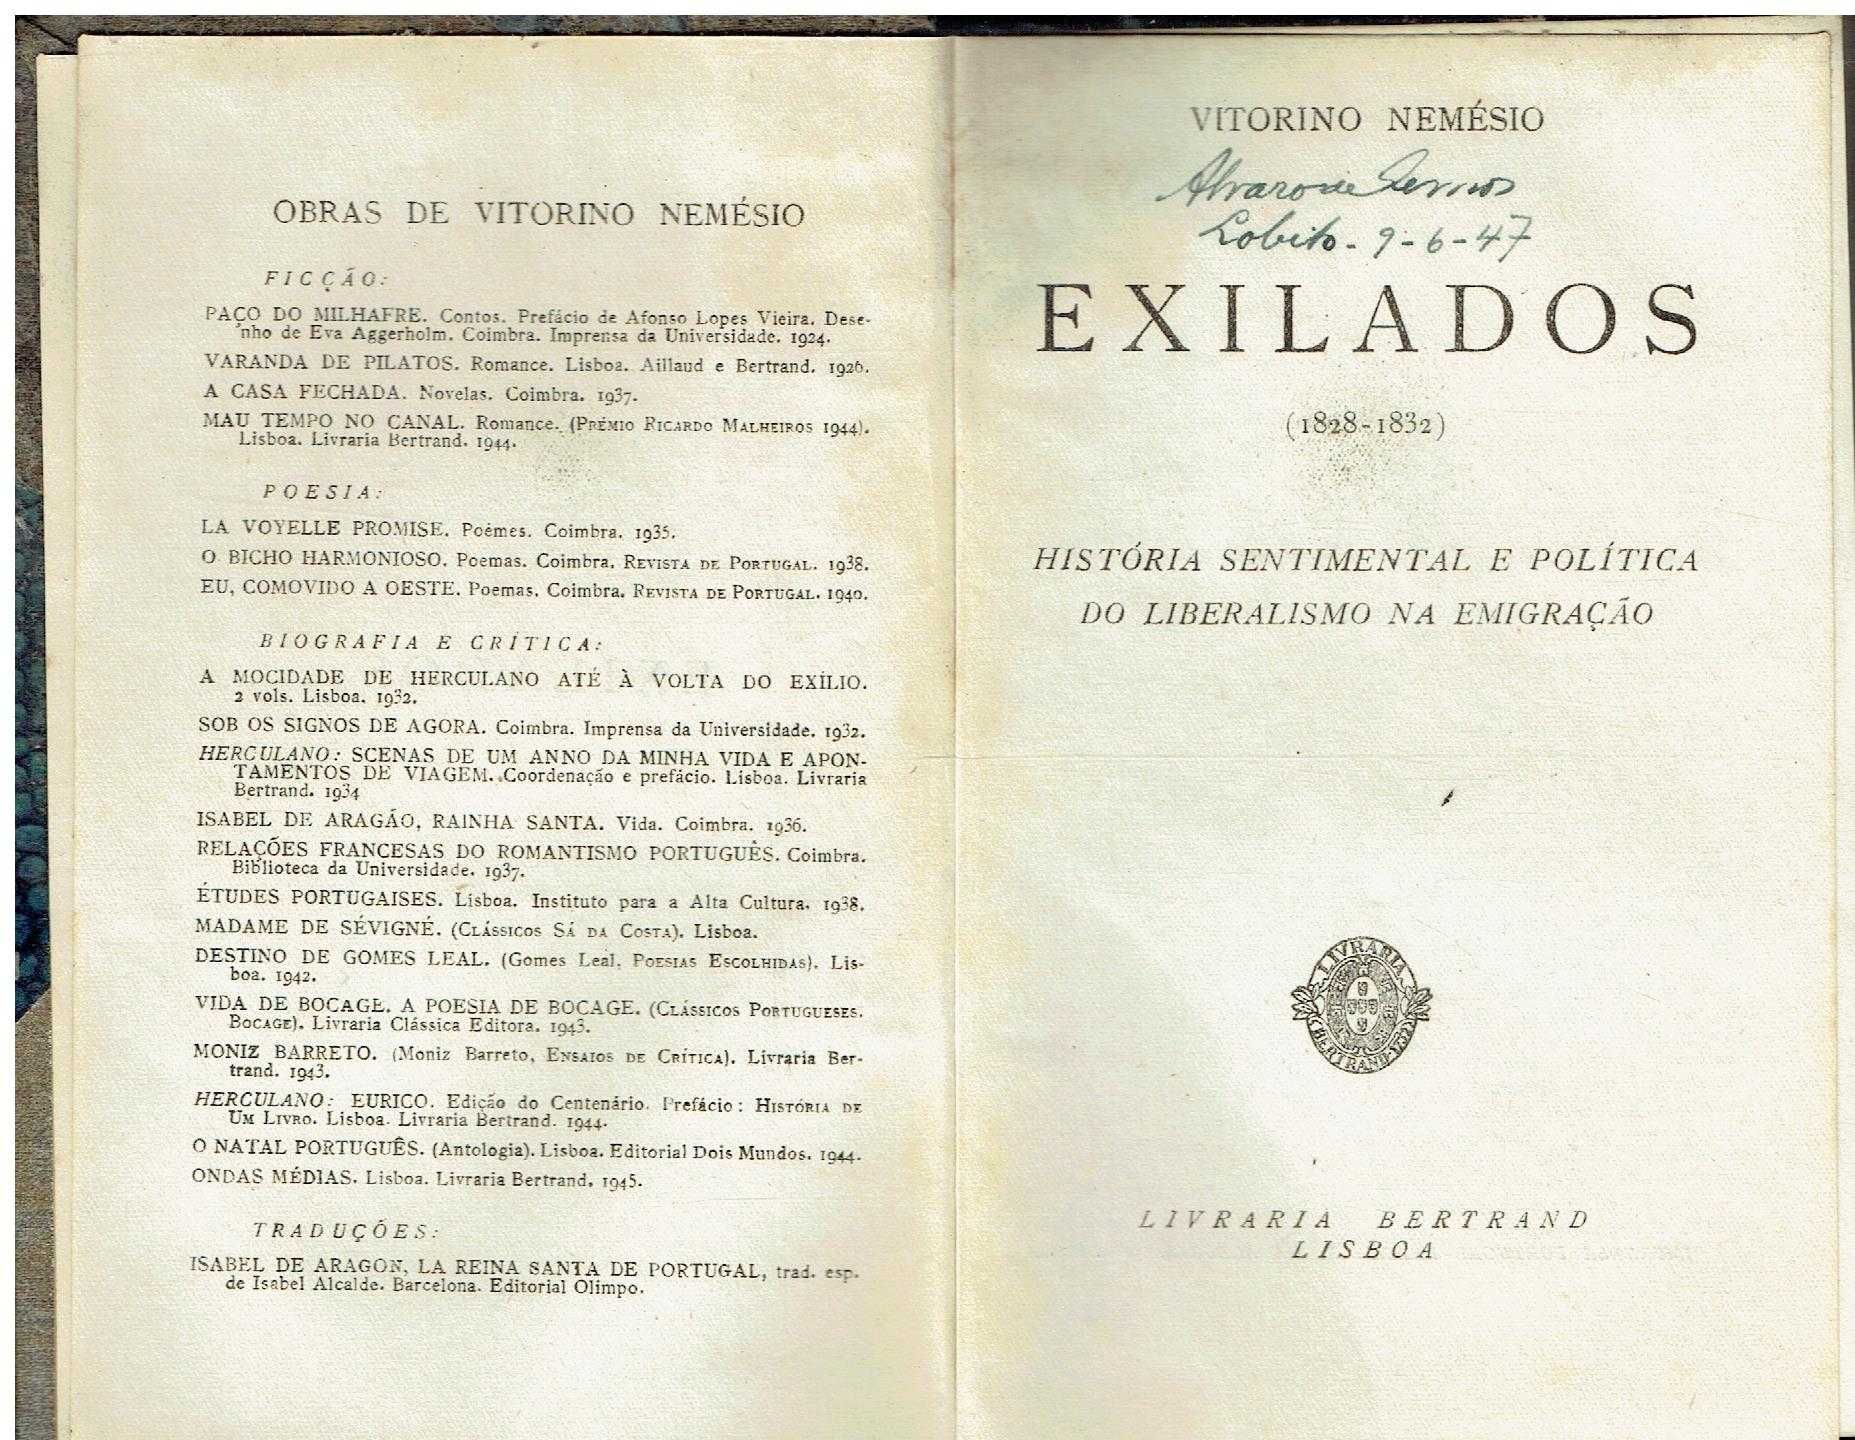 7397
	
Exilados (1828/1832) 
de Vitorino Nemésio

━━━━━━━━━━━━━━━━━━━━━━━━━━━━━━

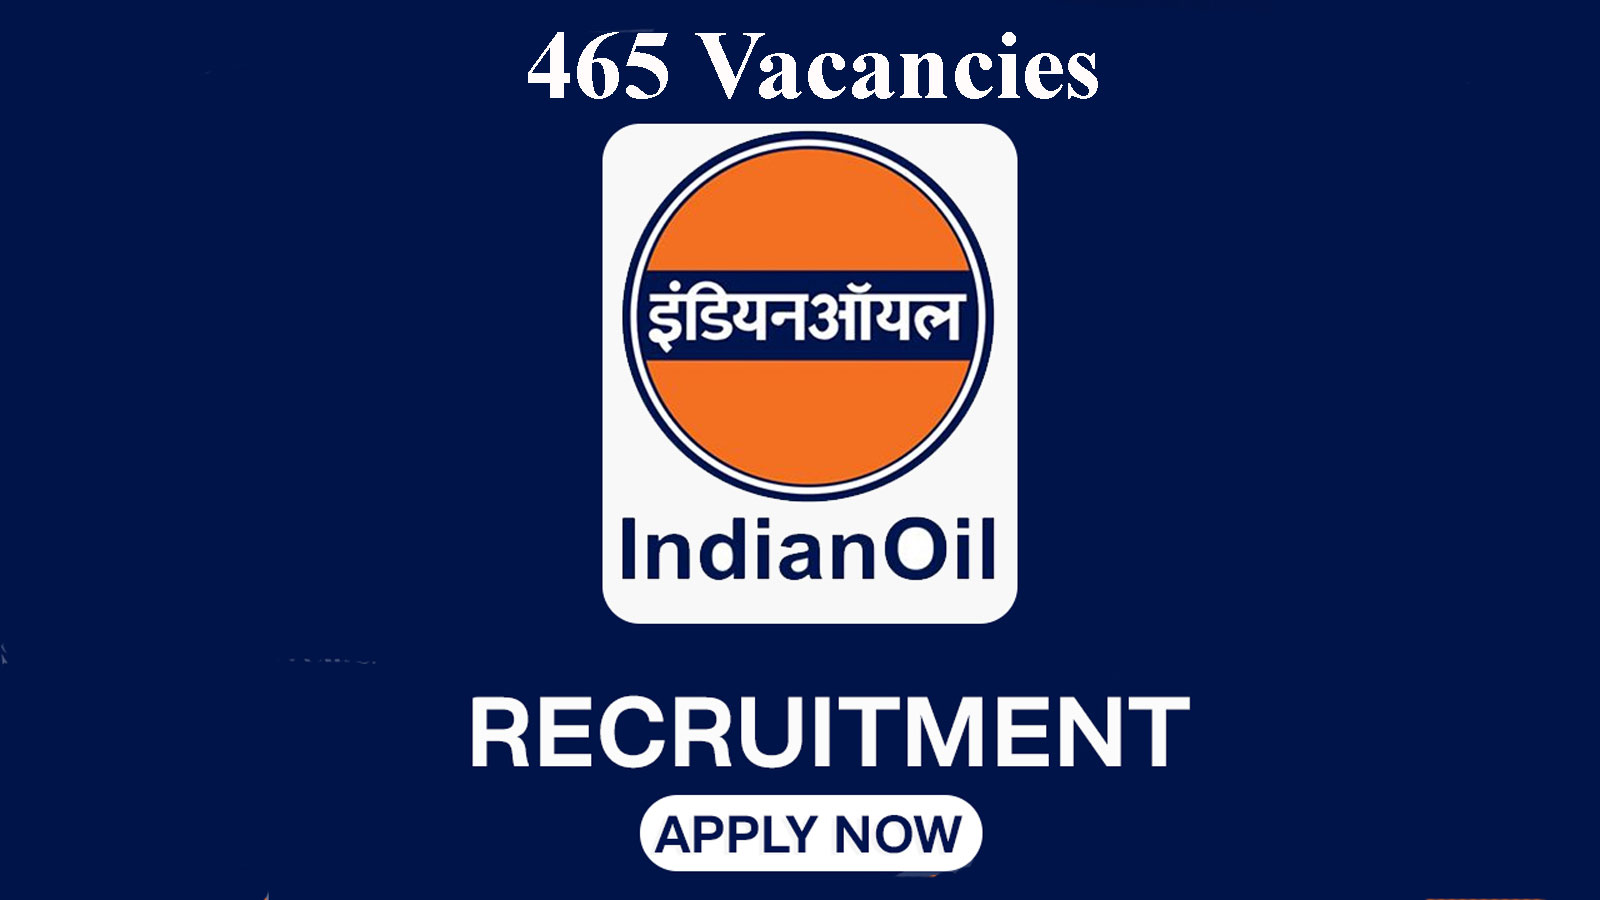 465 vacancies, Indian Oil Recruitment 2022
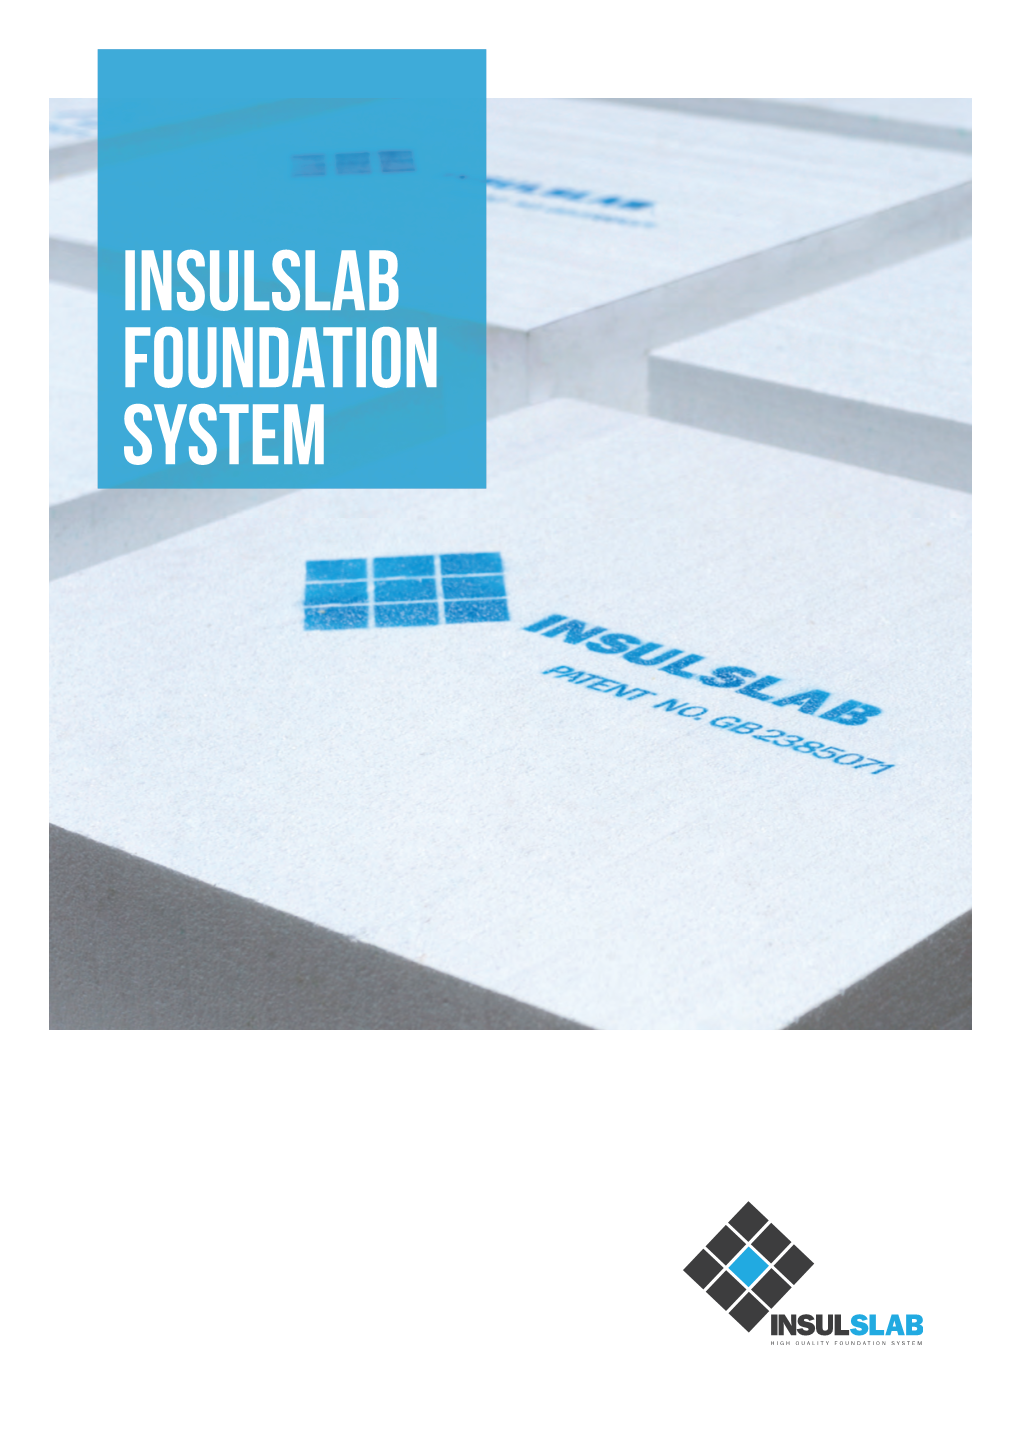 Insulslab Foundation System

━━━━━━━━━━━━━━━━━━━━━━━━━━━━━━

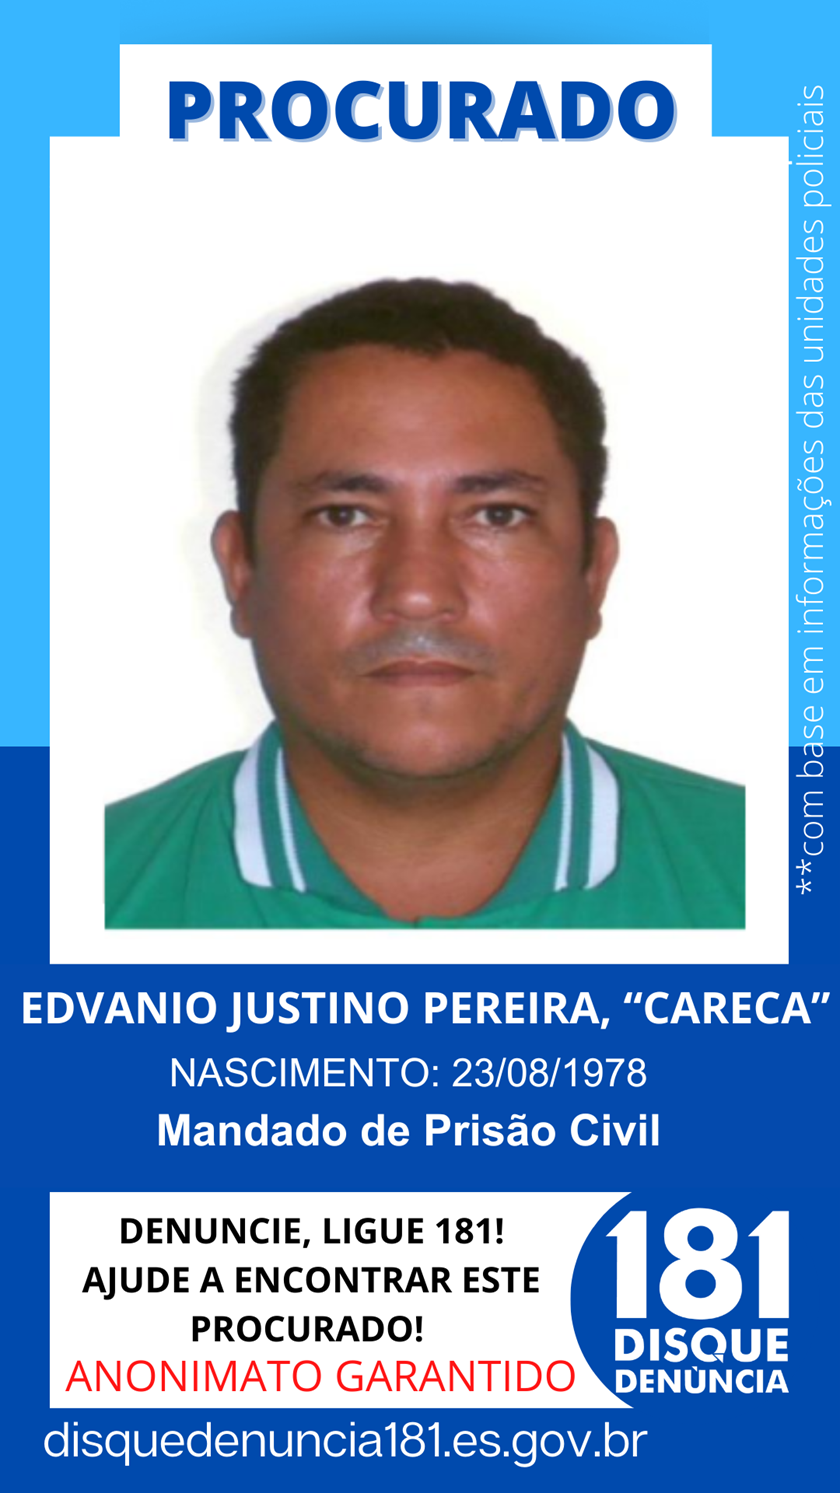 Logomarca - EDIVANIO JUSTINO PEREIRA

━━━━━━━━━━━━━━━━━━━━━━━━━━━━━━

Look above and copy only the lines from the one holding "465 vacancies, Indian Oil Recruitment 2022" to the one holding "Insulslab Foundation System", both included, exactly, minus the pictures.

**WORKED SOLUTION**
 465 vacancies, Indian Oil Recruitment 2022
 Insulslab Foundation System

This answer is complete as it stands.